Capture Your Grief Day 7: For the First Time
Like all the other prompts this month, there are a lot of things I could write about for today. The first time we found out we were pregnant, our first ultrasound, our first time meeting Carter, the first trip to the cemetery, the first time seeing his headstone. We have had a lot of "firsts" in the last year. There are a lot of "firsts" you are supposed to experience after you have a baby, but ours have been different than we thought they would be.
I could go on and on about any of the above topics, but I want to write about something else. The idea of "the first time I smiled after losing Carter" keeps running through my head. I know it's a different subject than you might have imagined, but I feel like it's important.
I can't pinpoint the moment when I smiled for the first time, but I know it was sooner than I had expected. At various points during the morning that we delivered him, I smiled. I smiled first probably because labor was finally over. Looking at our handsome boy though, it would have been hard not to smile. Sure, everything was drastically different than it was supposed to be, but he was perfect and he made us a family.
Every single interaction between us, Carter, and our parents that morning was a strange mix of sadness and happiness.
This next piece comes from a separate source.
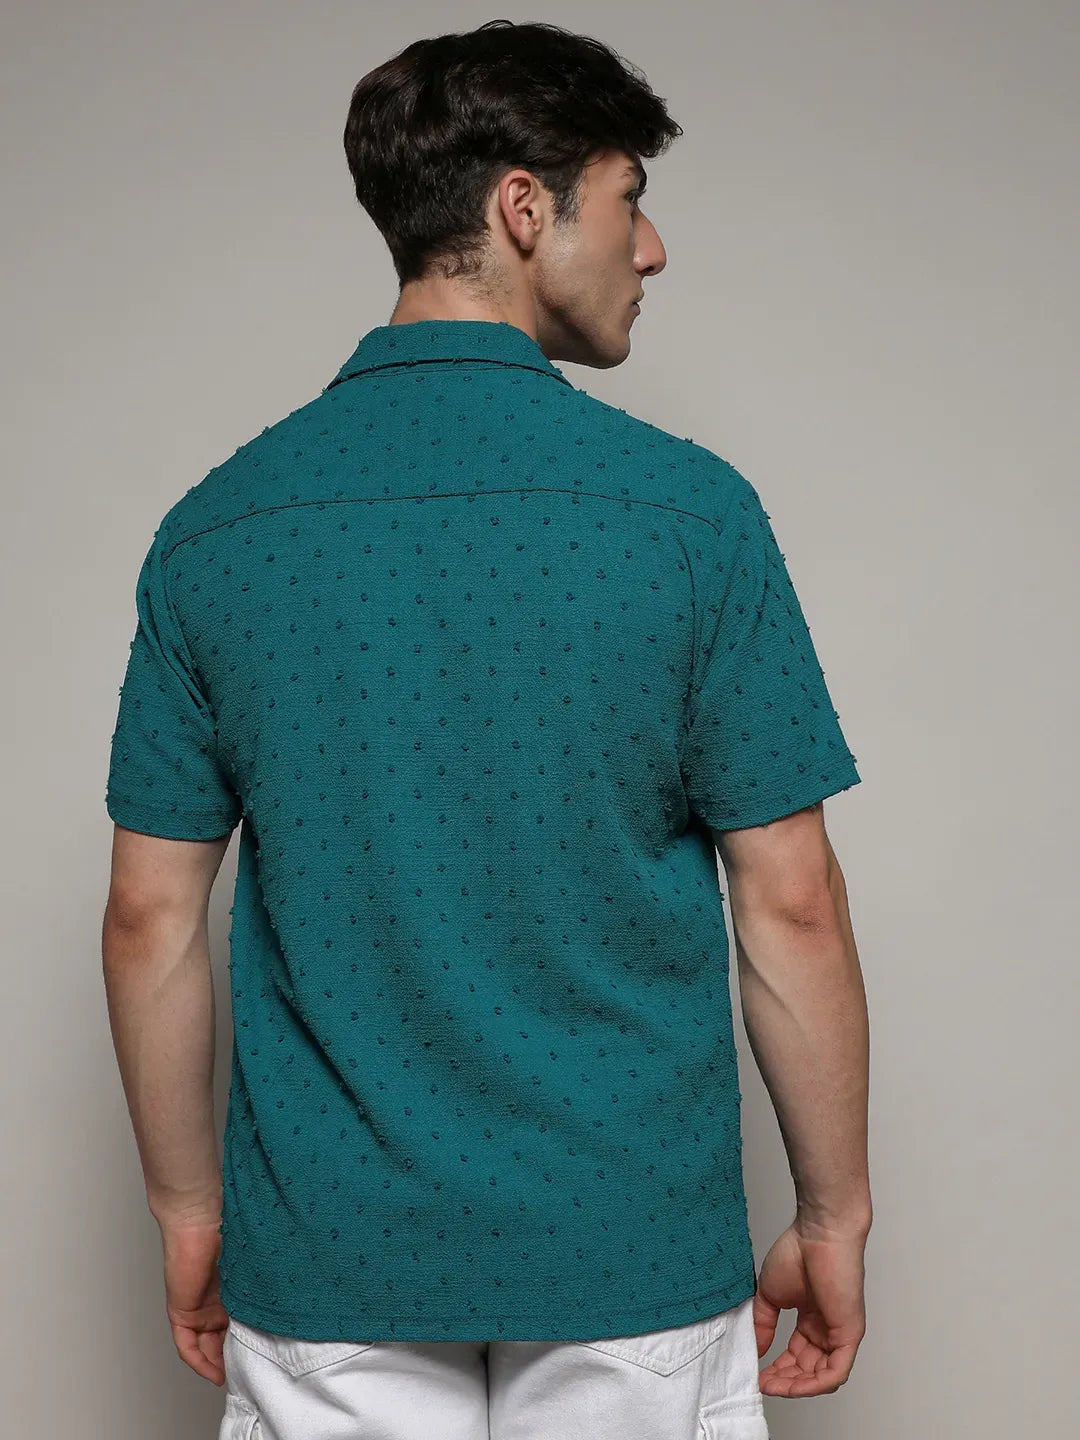 Self-Design Pom-Pom Shirt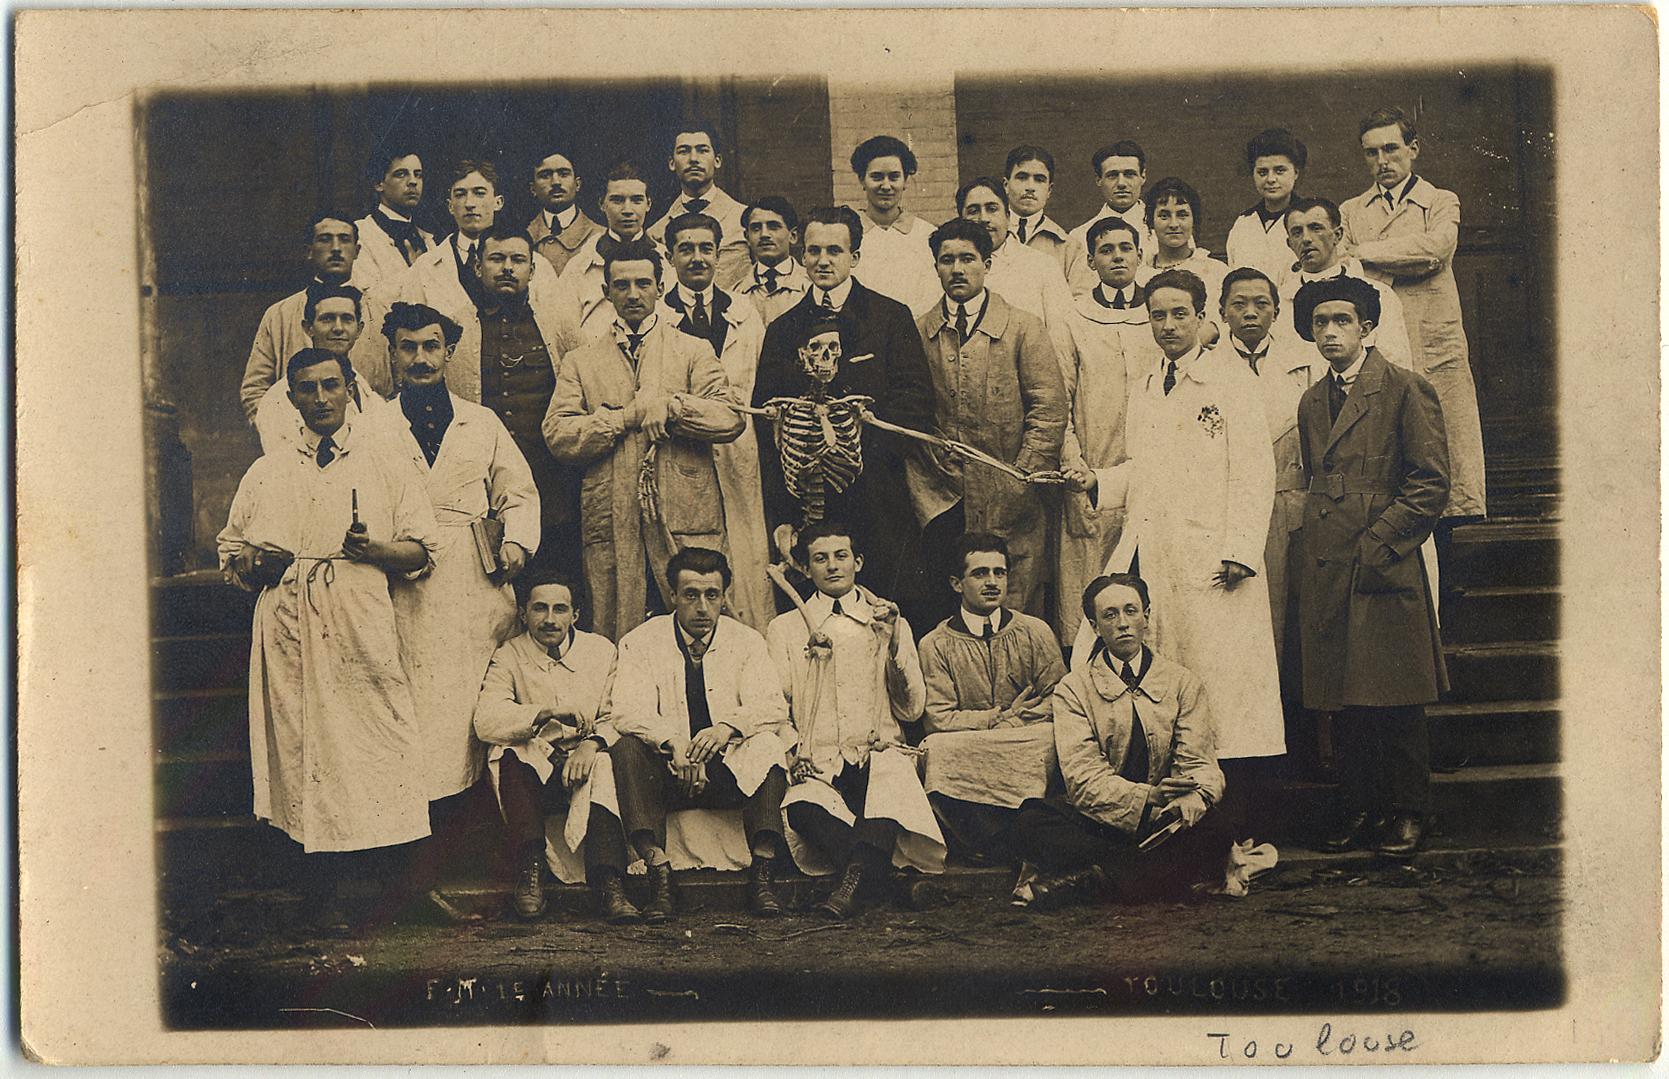 Etudiants en médecine de Toulouse en 1918

The reason for our sadness was obvious, but there was so much pride and love in that room that is seemed to just leak out my eyes and pull up the corners of my mouth simultaneously. Watching Brandon hold Carter for the first time both filled and broke my heart. Watching our parents meet their first grandson did the same. I don't know that I will ever be able to explain it well enough, so all I can say is that, if you've been through, you understand.
That afternoon, after we had said goodbye to Carter and were waiting to go home, we watched Impractical Jokers. I remember laughing a little, and instantly hating myself for feeling any amount of joy on the worst day of my life. Sometimes I still feel that way. Like, how can I go to Disneyland and enjoy myself when my son is in a cemetery? The time frame varies, but we as loss parents learn to live with the grief. There is a large part of you that will always be missing, and the hole in your heart will never heal, but we learn to smile through the pain and enjoy the good parts of life that we have been given.
I have always believed that life is too short to do things you don't want to do, or to be around people you don't want to be around. It's too short to waste away every day in pain and agony. Losing our babies has taught me that living a life full of joy and love is what matters most. So if we're having a bad day and we want to book a trip to Disneyland, then we should book the dang trip, because life is too short to say that we'll do it next year.
There will always be moments where I feel guilty for living a life without my babies. The times that I laugh and get an emotional slap to the face are more frequent than they should be. But as a mother, I still take pride in the fact that we have made two beautiful children, and that they have made us a family of four. I carry them in my heart and mind on good and bad days, and they are at the forefront of everything that I do.
Smiling for the first time after we lost Carter felt wrong, but it was natural. With so much love filling every part of my life, it would be incredibly hard to not let that smile shine through.